TASK INSTRUCTIONS =
Write out the data below in full, unchanged, minus the images.

SUPPLIED INFORMATION =
....

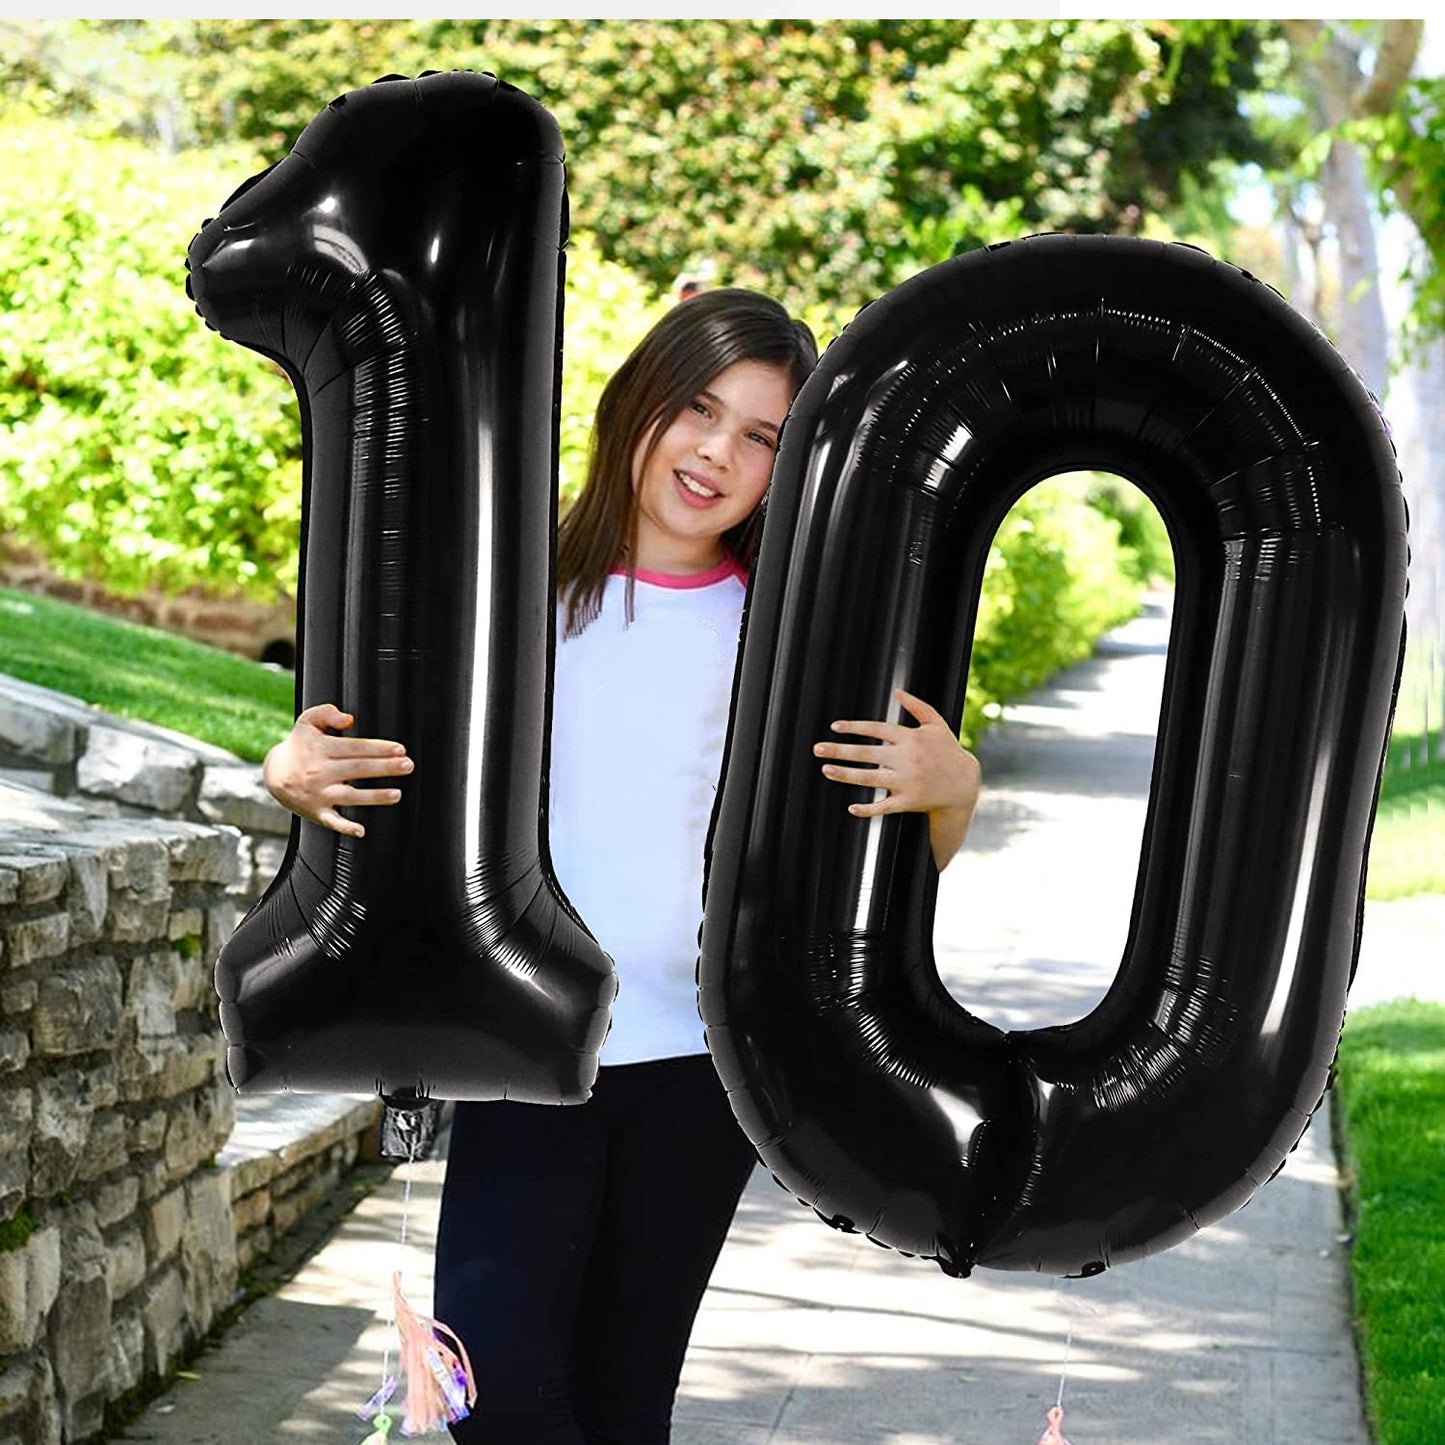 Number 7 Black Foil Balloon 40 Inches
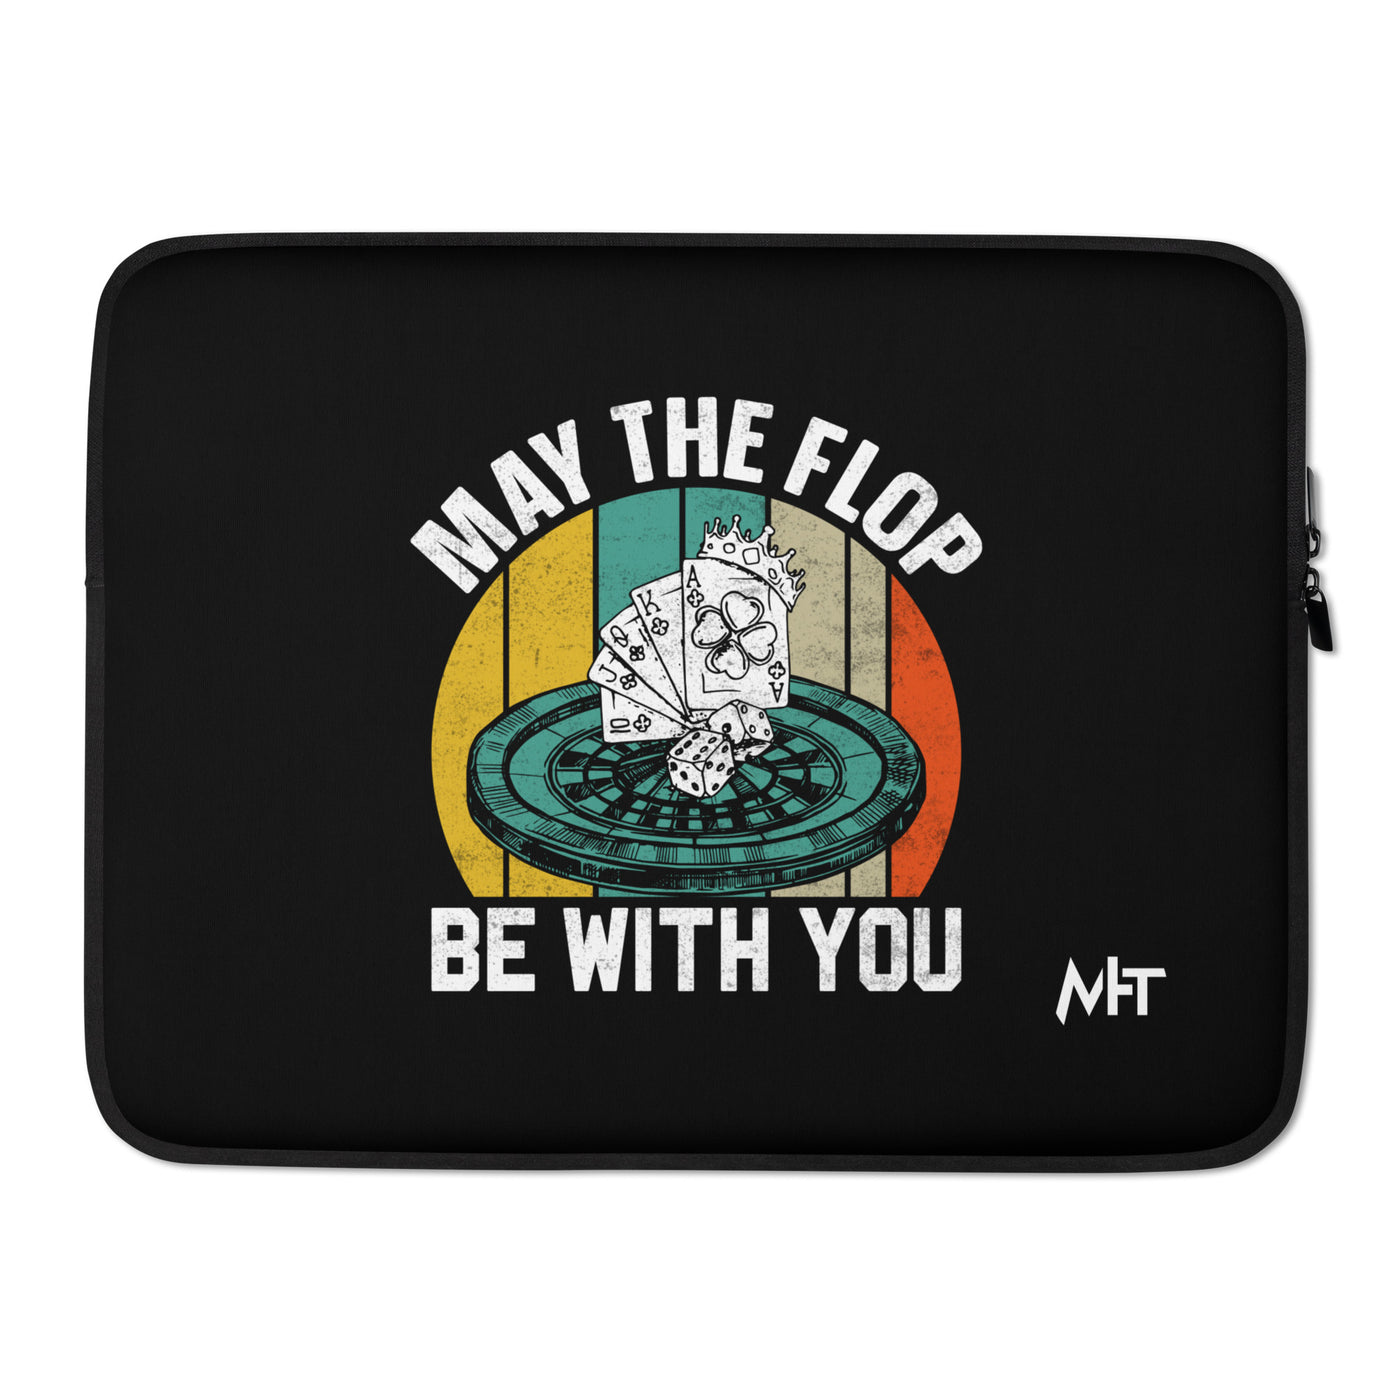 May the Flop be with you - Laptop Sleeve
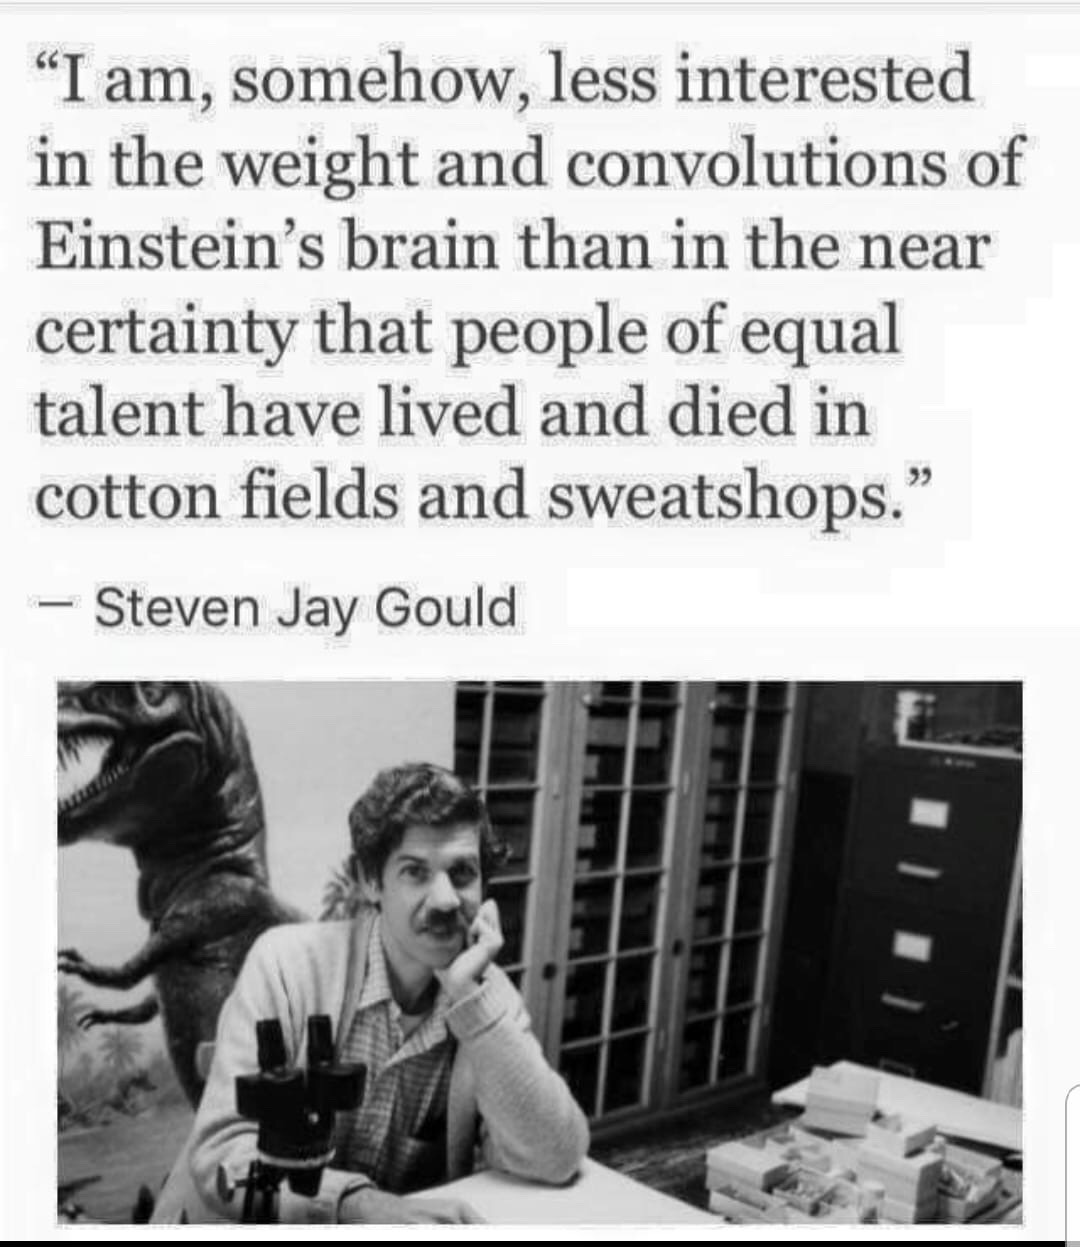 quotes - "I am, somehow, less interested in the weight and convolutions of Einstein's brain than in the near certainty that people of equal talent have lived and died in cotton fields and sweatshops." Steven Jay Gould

....

EXERCISE RESULT =
 Number 7 Black Foil Balloon 40 Inches
 May the Flop be with you - Laptop Sleeve
 quotes - "I am, somehow, less interested in the weight and convolutions of Einstein's brain than in the near certainty that people of equal talent have lived and died in cotton fields and sweatshops." Steven Jay Gould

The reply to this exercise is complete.